Full decision tree with error-message → cause mapping, --extractor-args
escape hatches, and when to file upstream:
references/failure-triage.md.
Scripts
Follows the Skill Resource Protocol:
--help with examples, stdout = data only, --json envelope
(claude-mods.ytdlp-ops.version-check/v1), semantic exit codes (0 clean,
2 usage, 7 network/yt-dlp unavailable — advisory, 10 drift finding).
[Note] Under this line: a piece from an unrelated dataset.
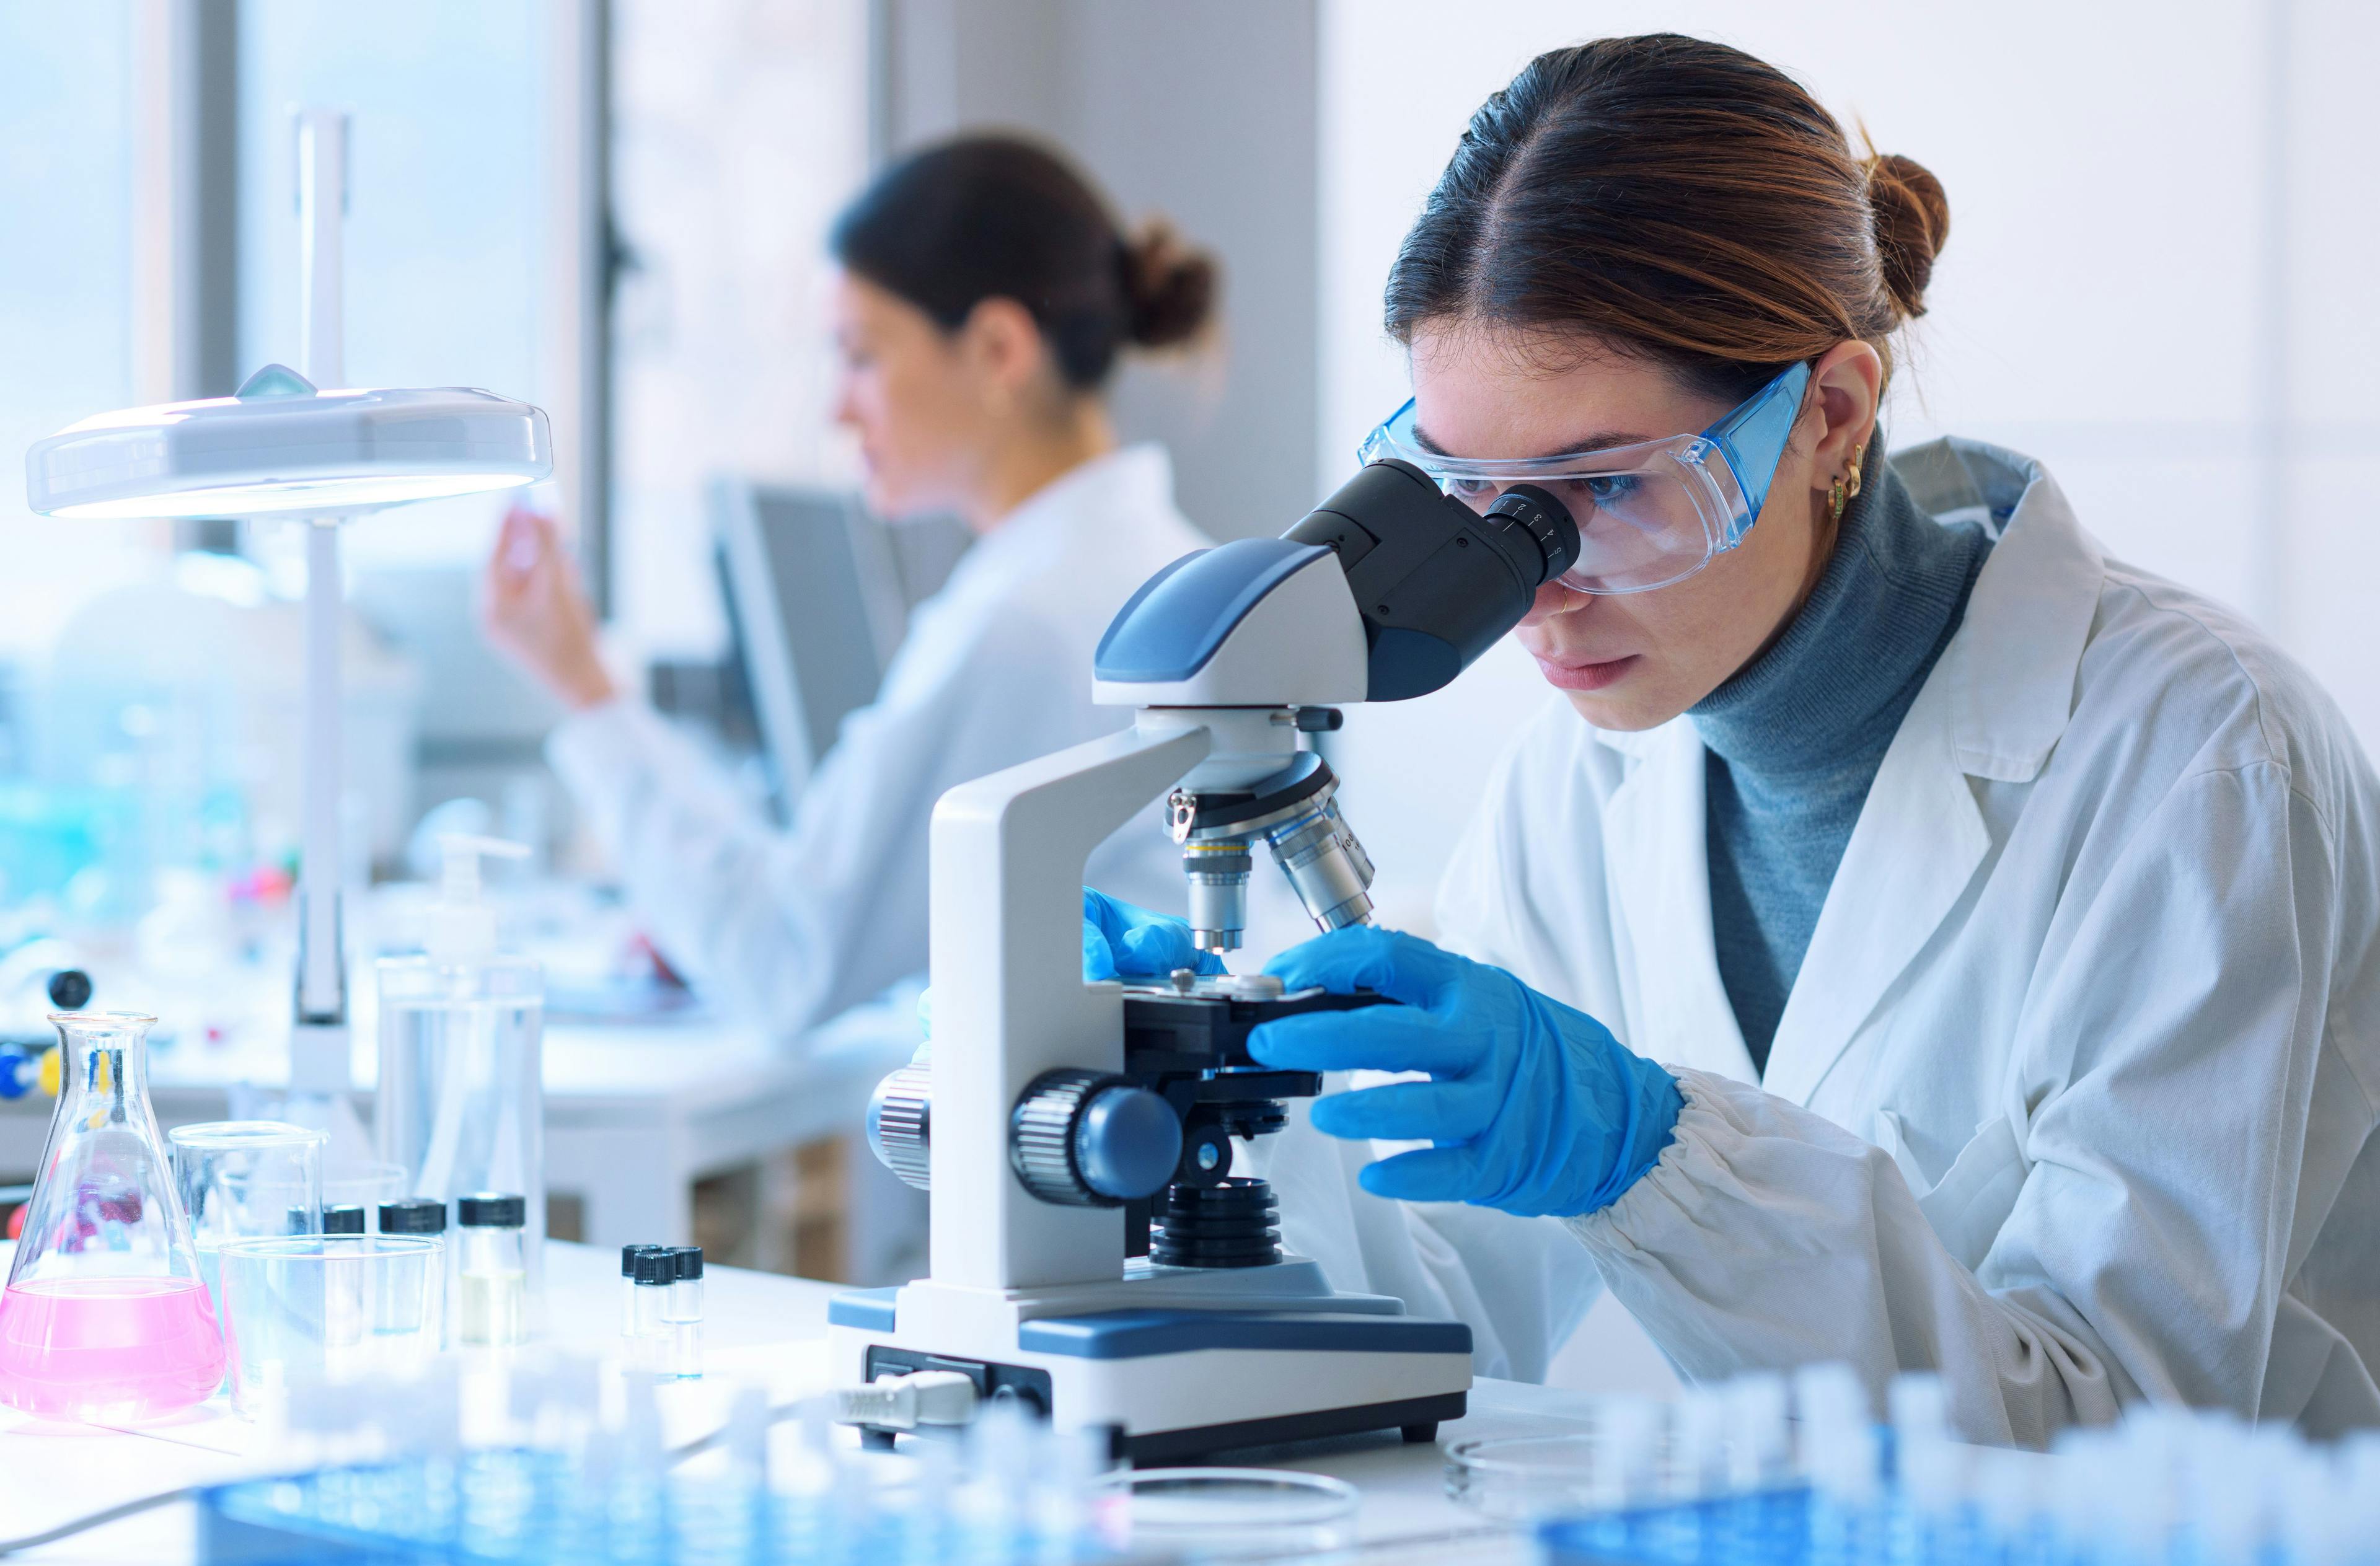 researcher in lab | Image credit: StockPhotoPro - stock.adobe.com
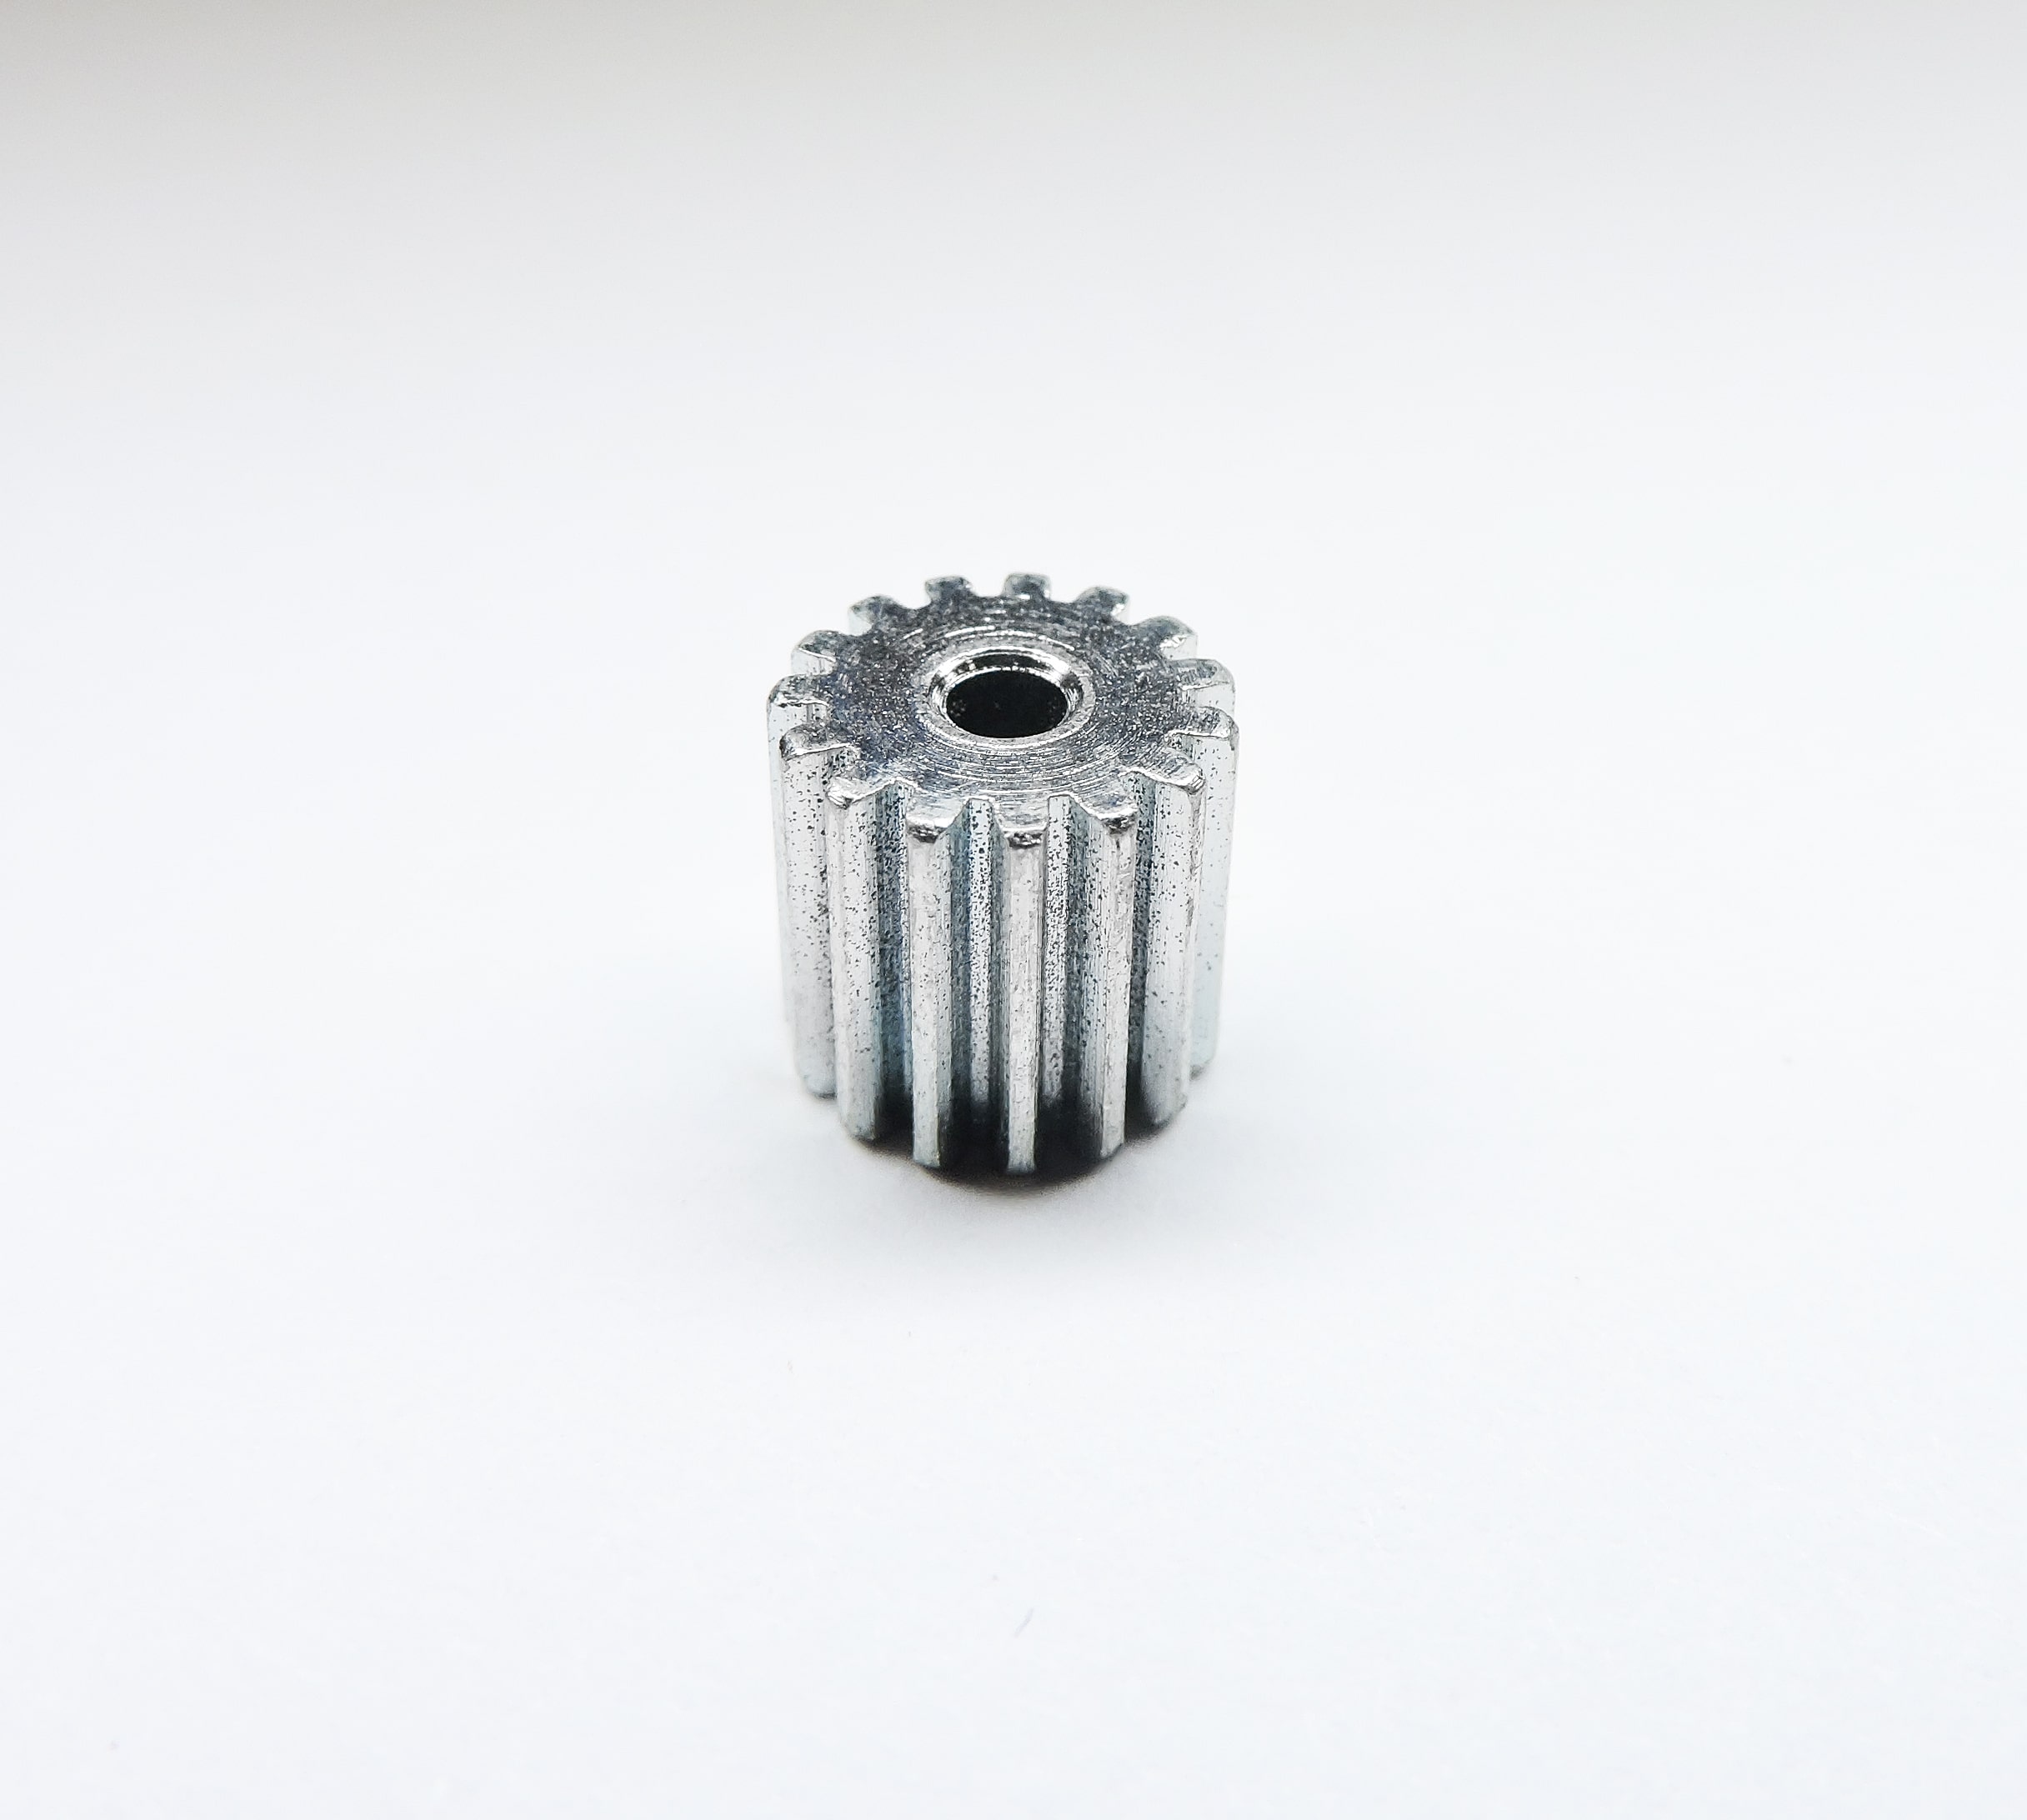 Precision CNC Machined Stainless Steel Gear

| Script | Job | Worked invocation |
|---|---|---|
check-ytdlp-version.sh |
Staleness verifier: --offline structural (CI gate), --live = installed-version age vs latest GitHub release + documented-flag existence in yt-dlp --help + metadata-only smoke extraction |
check-ytdlp-version.sh --live --json | jq '.data.days_behind' — exit 10 = >60 days behind, a documented flag vanished, or smoke failed; 7 = network/API unreachable (advisory) |
References
Load on demand — one concept per file:
| Reference | Load when |
|---|---|
| format-selection.md | Any -f/-S decision, codec targeting, filter grammar, avoiding transcodes |
| playlists-archives.md | Playlists, channels, --download-archive, incremental sync jobs |
| auth-cookies.md | Private/members/age-gated content, browser cookie matrix, ban avoidance |
| output-templates.md | -o field catalog, paths, sanitization, per-type routing |
| subtitles-metadata.md | Sub download/convert/embed, transcript workflows, metadata/thumbnail embedding |
| sponsorblock.md | SponsorBlock categories, mark vs remove, chapter workflows |
| failure-triage.md | Any download failure — 403/429/geo/nsig/throttling decision tree |
Assets: format-presets.json — canonical, date-stamped
-S/flag presets per destination (web MP4, STT audio, archival, clip, mobile-small).
Self-test
bash skills/ytdlp-ops/tests/run.sh # fully offline; no network, no yt-dlp needed
Structural assertions plus the verifier's 60-day age logic exercised through its
CM_YTDLP_INSTALLED/CM_YTDLP_LATEST test seams. Real --live runs happen only
in the scheduled freshness workflow — a network blip must never fail a PR.